California city official quits nearly $800,000 post
SAN FRANCISCO (Reuters) - A local official in California earning close to $800,000 a year as the manager of a city with nearly a quarter of its population in poverty has quit following a public uproar, the mayor said on Friday.
Robert Rizzo, chief administrative officer of Bell, California, resigned along with an assistant and Bell's police chief, Mayor Oscar Hernandez said in a statement.
Rizzo's $787,637 salary was nearly twice that of U.S. President Barack Obama, a considerable expense for a city of 37,000 people operating its own food bank for impoverished residents.
Assistant city administrator Angela Spaccia's pay exceeded that of the top administrator in Los Angeles County, and Bell was paying police chief Randy Adams 50 percent more than what his counterpart earns in neighboring Los Angeles, the nation's second largest city.
Bell residents have been clamoring for answers to questions about the city's financial management since The Los Angeles Times reported the compensation of the three city employees -- along with reporting that many members of Bell's city council earn nearly $100,000 a year.
Hernandez criticized the Times' "skewed view of the facts" and praised Rizzo's service.
The Los Angeles County district attorney's office is probing them and California Attorney General Jerry Brown and the California Public Employees' Retirement System, the pension giant known as Calpers, have opened a joint investigation.
Calpers has an interest in the compensation Bell provided because of the pension payments it must make.
Rizzo could amass pension payments of more than $30 million in retirement if he lives until age 83, according to an analysis by the California Foundation for Fiscal Responsibility, a group calling for an overhaul of the state's public pension system.

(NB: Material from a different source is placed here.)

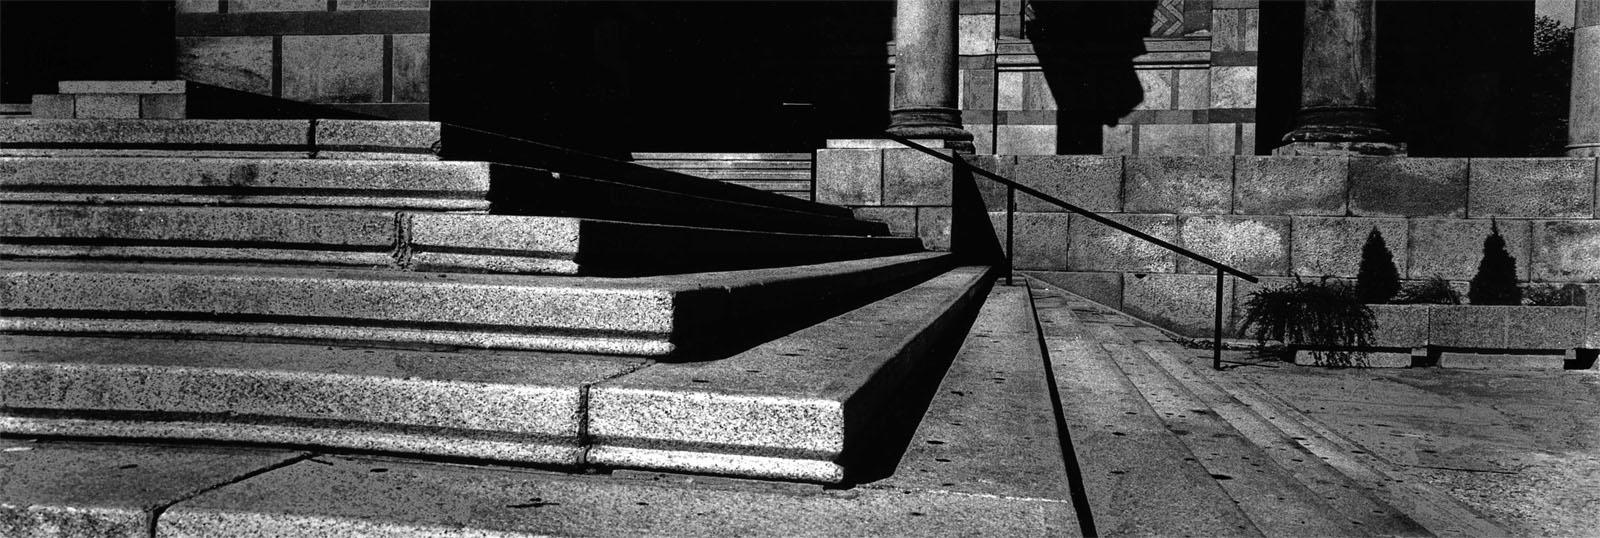 Art and Documentary Photography - Loading BGD___Fabio_Sgroi_039.jpg

Brown's office said it plans to look beyond Bell in its probe, which will coincide with his campaign as the Democratic nominee to succeed Republican Governor Arnold Schwarzenegger.

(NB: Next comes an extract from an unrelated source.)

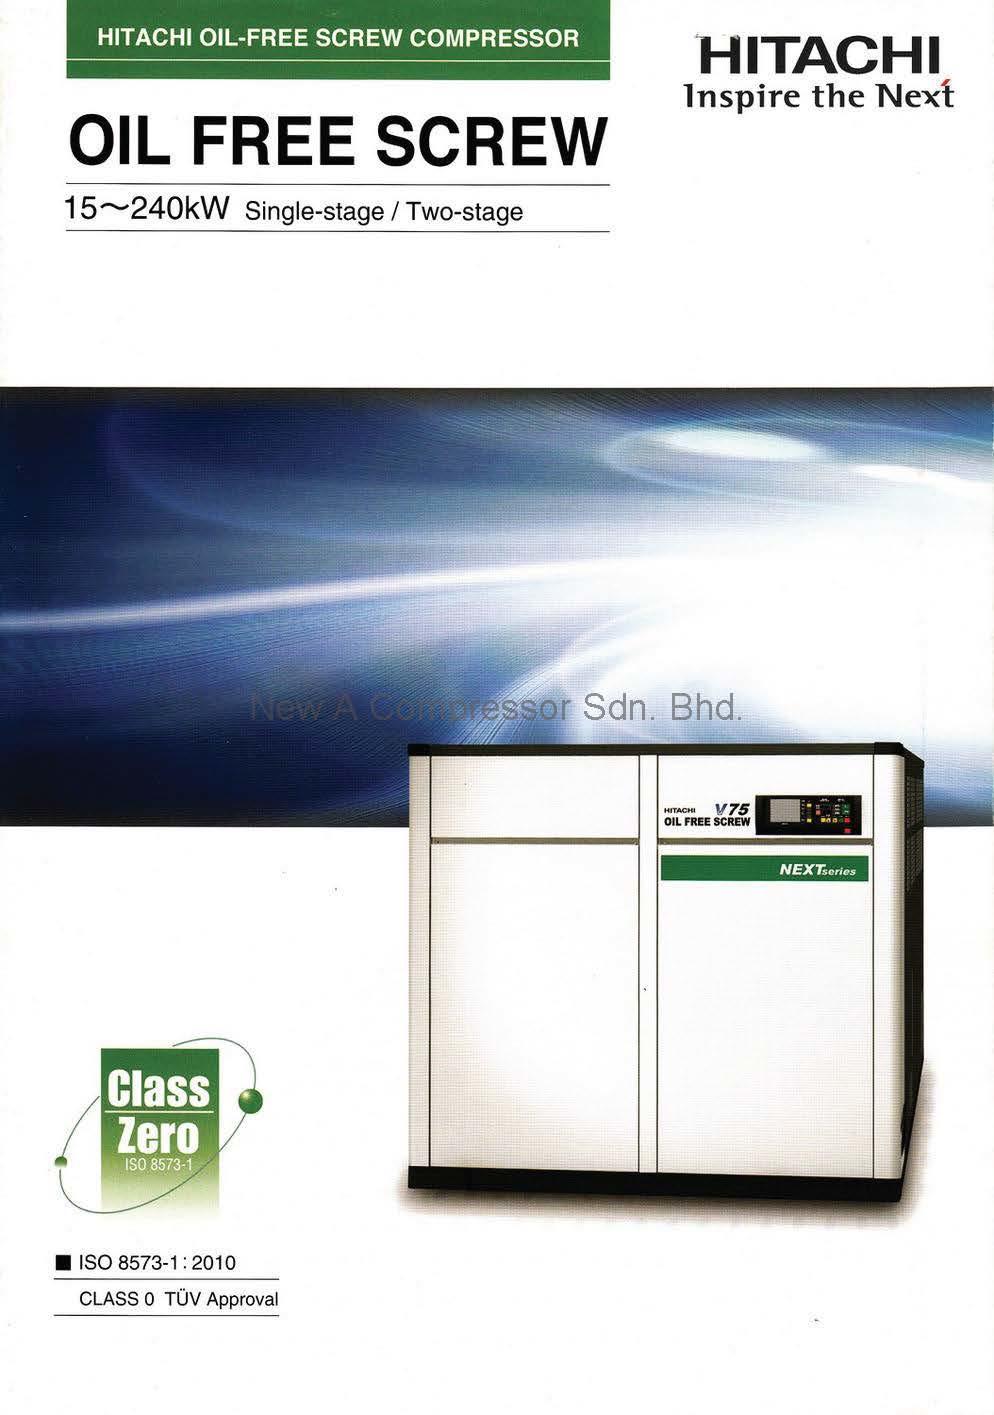 Hitachi Oil-Free Screw Compressor on Alka Engineering S

Schwarzenegger is making pension reform a condition for his signature on a state budget, a challenge purely on fiscal terms because he must negotiate a spending plan that closes a $19 billion shortfall with the Democrat-led legislature.
Former eBay Inc chief executive Meg Whitman is the Republican nominee for governor and is for pension reform. It could include providing new public employees less generous benefits or even putting them into retirement accounts like the 401(k)s in the private sector.
Brown has proposed limits on public pensions and in his office's statement said the salaries at issue in Bell are "shocking and outrageous."